Last week, the British newspaper The Guardian broke a story from the dictionary world that seemed, at first blush, to be quite scandalous indeed. "An eminent former editor of the Oxford English Dictionary covertly deleted thousands of words because of their foreign origins and bizarrely blamed previous editors," it began.

But the truth, it turns out, is more prosaic. The former editor, in compiling material for four supplements to the O.E.D., had not seen fit to include everything that was in a previous supplement to the dictionary's first edition, published in 1933, including thousands of words borrowed from foreign languages.

As the O.E.D.'s editor at large, Jesse Sheidlower, clarified, even the omitted words are being reincorporated into the dictionary's current revision project, so nothing in fact was ever "deleted."

But who wants to hear such details when the bad-news headline is juicier, or at least can be spun that way through shoddy journalism? The Guardian's version of events made for some prime link bait online, generating interest on Twitter and gossipy blogs like Gawker.

All of this over some editorial decisions about dictionary entries several decades ago! How does a media-generated "scandal" like this get cooked up in the first place, especially involving a profession as unglamorous as lexicography?

This isn't the first time that the O.E.D. has been the victim of wildly off-the-mark coverage in the British press. In 2010, The Daily Telegraph ran a story with a headline ripped out of a Dan Brown novel: "Secret Vault of Words Rejected by the Oxford English Dictionary Uncovered." The paper quoted a design student working on an art project about "non-words" who said he had learned about "a very hush-hush vault" where the O.E.D. locked up rejected words.

As an informal (and unpaid) consultant for the O.E.D. for the past several years, I had to chuckle at the breathless reporting. The O.E.D. has long kept filing cabinets full of citation slips for words under consideration, though nowadays the work is mostly done online. There is nothing surreptitious about it — it's all part of the mundane work that lexicographers do to keep track of how words and phrases develop over time, in order to shape and revise their entries. If you saw how dictionary editors actually went about their day, you'd quickly understand why Samuel Johnson famously defined "lexicographer" as "a harmless drudge."

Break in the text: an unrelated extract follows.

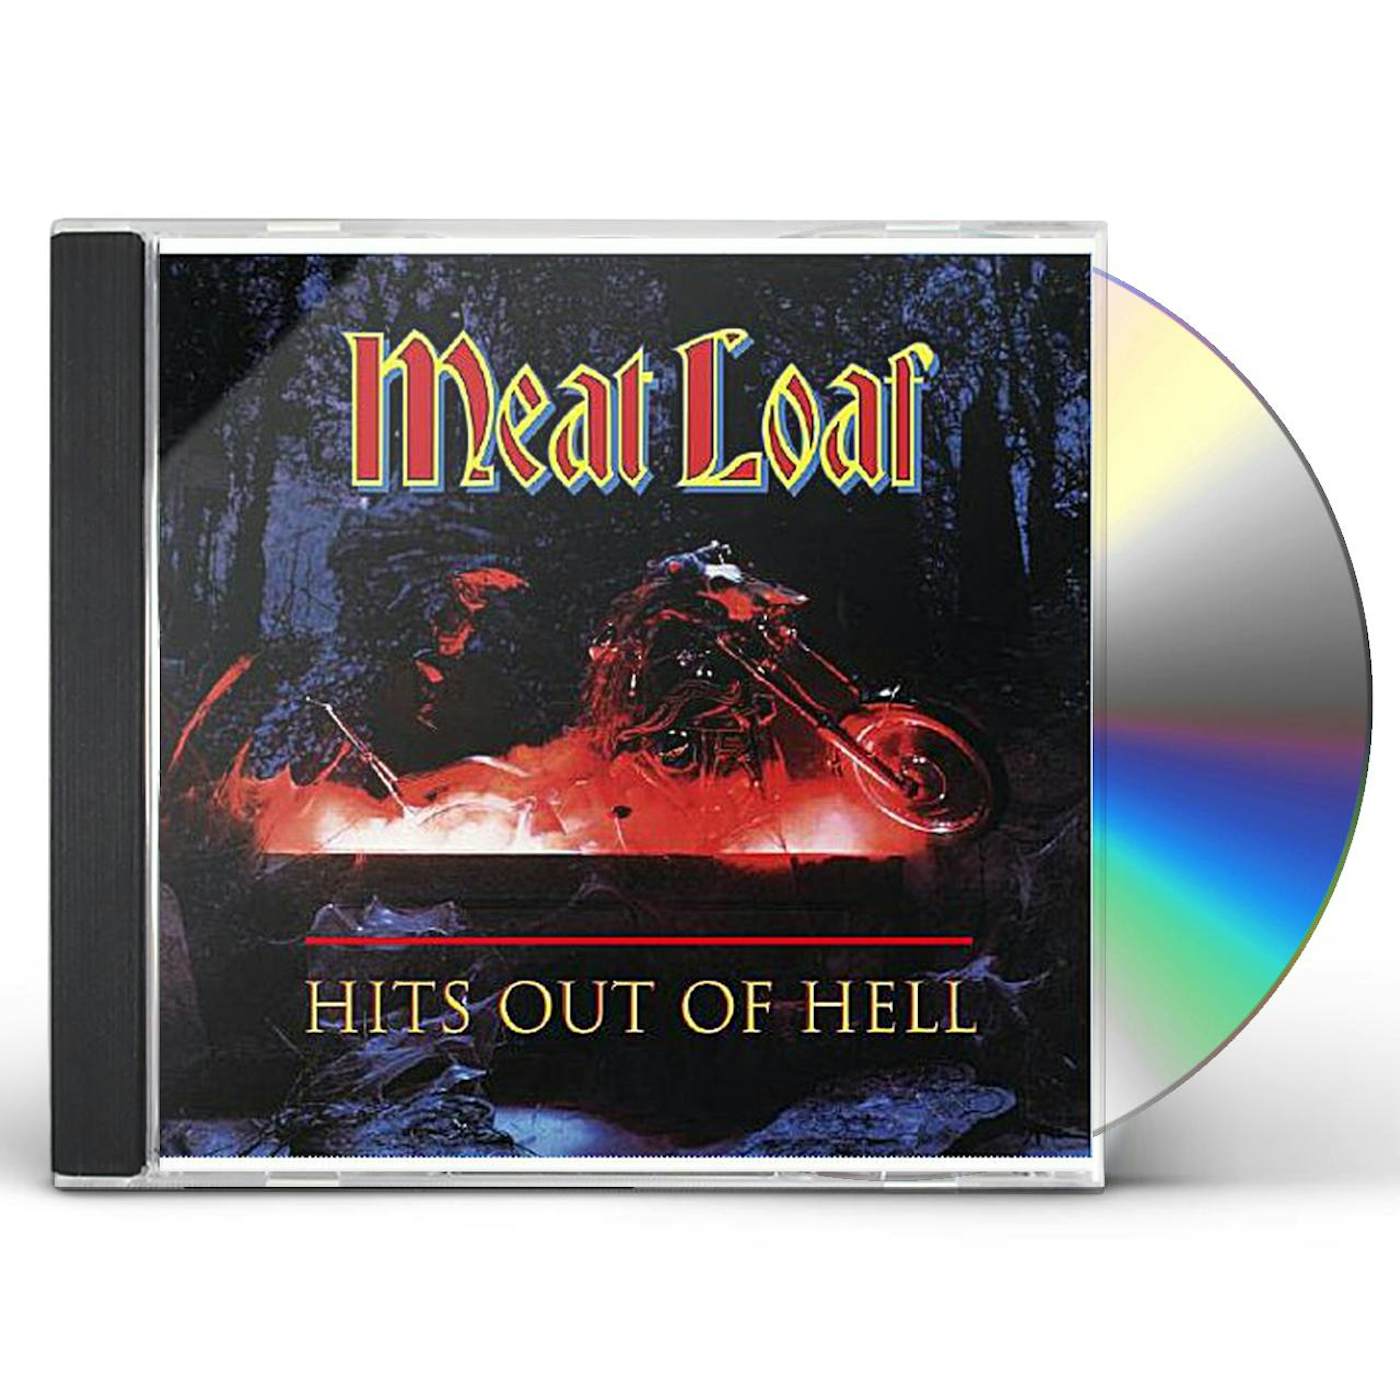 MEAT LOAF: HITS OUT OF HELL CD

Kory Stamper, an associate editor at Merriam-Webster, started a blog last year called (you guessed it) Harmless Drudgery. In her initial post, she sought to dispel the "fiction" that a lexicographer's life was full of "glamour and intrigue."

"My day consists of sifting through citations of words in context and puzzling over how to succinctly describe the glob of dust and crud that makes up a dust bunny," she wrote. (Ms. Stamper said she settled on "aggregate.")

It's exciting to think of dictionaries in more dramatic terms: as battlegrounds where the fate of the language is decided, or as shadowy enterprises with secret, back-room meetings over what does and does not count as a word. These images flourish because of widespread misconceptions in the popular imagination about how dictionaries get made.

One of my favorite recent portrayals of lexicography, once again involving the O.E.D., was in a 2008 episode of Comedy Central's "The Sarah Silverman Program." On the show, Ms. Silverman's character tries to popularize a new slang word ("ozay"), but her friend Brian ends up finding more success with his own coinage ("dot-nose"). By the end of the episode, dot-nose has become so popular that an O.E.D. editor pays Brian a visit to tell him it is entering the dictionary, inviting him to the official "Word Induction Ceremony."

Sad to say, there is no such thing as a Word Induction Ceremony, though dictionary publishers do try to milk some publicity out of batches of new words added to their latest editions. Still, the scene highlights the common belief that admission to a dictionary (especially a prestigious one like the O.E.D.) awards "official" status to a new word. And if the Almighty Dictionary is the anointer of wordhood, then surely those who make these decisions must be blessed with some sort of semi-divine authority!

This view of The Dictionary as the ultimate arbiter of our shared language is one that dictionary editors themselves are quick to disown. "Lexicographers do not sit in sleek conference rooms and make your language," Ms. Stamper wrote on her blog. "That's what you — the reading, writing, speaking public — do. Language is democratic, not oligarchic. That's where the real glamour is."